On another point, Orvieto and Seifer advise “…against interchanging or substituting innovator and biosimilar agents in clinical practice, and believe that the decision whether to use an innovator or a biosimilar product, should be reserved to the discretion of the treating physician”. Few would disagree that, today, precluding substitution among biologics by the pharmacist without the prescriber’s consent, should be advised. On the contrary, a switch from an original reference product to its biosimilar counterpart, or vice-versa, under the treating physician’s surveillance, i.e. interchanging, as defined in Europe, is normally allowed. However, concerns have been raised over the magnitude of the safety of switching.
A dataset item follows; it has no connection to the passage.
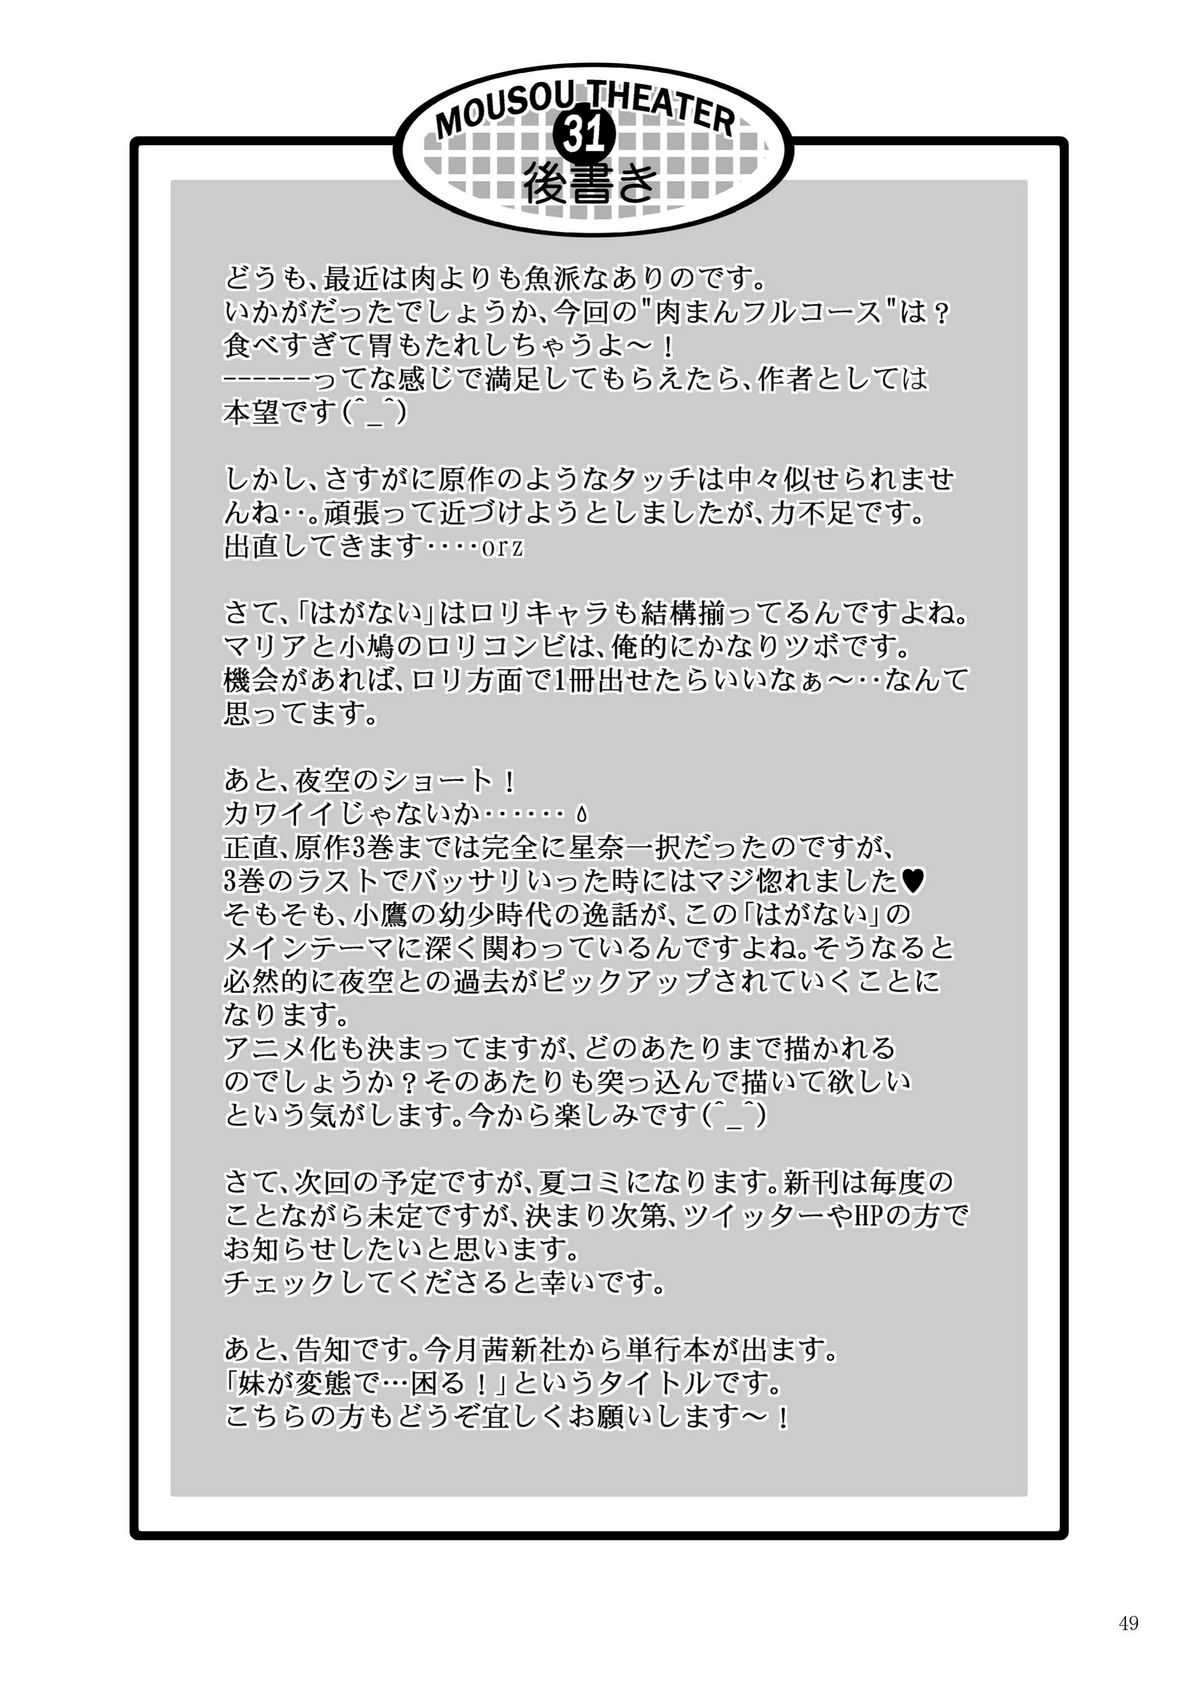 [Studio BIG-X (Arino Hiroshi)] MOUSOU THEATER 31 (Boku wa Tomodachi ga Sukunai) [Digital] [スタジオBIG-X (ありのひろし)] MOUSOU THEATER 31 (僕は友達が少ない) [DL版]

In the light of the frequently practiced switch between different gonadotrophin preparations in assisted reproduction (so-called mixed FSH protocols), and the switching experience in other therapeutic areas among non-comparable original biologics, there is likely a very low risk associated to a change of prescription between two highly similar products in a given patient [8]. Accordingly, opposite to the author’s view that “…most health organizations do not consider biosimilar to be interchangeable with innovator product…”, an increasing number of organizations, acknowledge, and, in some cases recommend, that patients being administered the originator medicine, switch to the corresponding biosimilar even for highly complex biologicals used in long-term treatments [9-11].

Conclusions

The EMA paved the way in creating a regulatory framework for the development of biosimilars, whose scientific principles were later essentially reproduced by the World Health Organisation (WHO), and adopted in essence by reference regulatory bodies (including the United States' FDA). The biosimilar concept represents a shift of paradigm, which taken out of context, may raise concerns that could ultimately be detrimental to patients. Physicians and patients should be reassured that follitropin alfabearing biosimilars approved under the EMA standards provide a high quality alternative to original products [12]. Biosimilars bear essentially the same active substance as the reference product to which they are equivalent in quality, safety and efficacy, and with which they share the dose, and the route of administration for the same indications. Accordingly, in support of the rigor of the European regulatory framework, since the first biosimilar was launched in 2006, the number of reports on side effects, or on clinical consequences associated to immunogenicity, has not increased. In other words, in Europe there is no evidence of any particular therapeutic risk attributable specifically to the use of a biosimilar versus the originator. Therefore, Orvieto and Seifer’s assertion “(Biosimilars products and Gonal f®)… may still differ in strength, purity …” is an unproven claim, and there is no evidence to support that the risk-to-benefit balance of biosimilars exceeds that of original products. Contrarily, as stated by Weise et al. [2], from the EMA, “the risk for detection of new (serious) adverse effects after licensing is considered much lower for a biosimilar than for a biological containing a new or modified active substance”.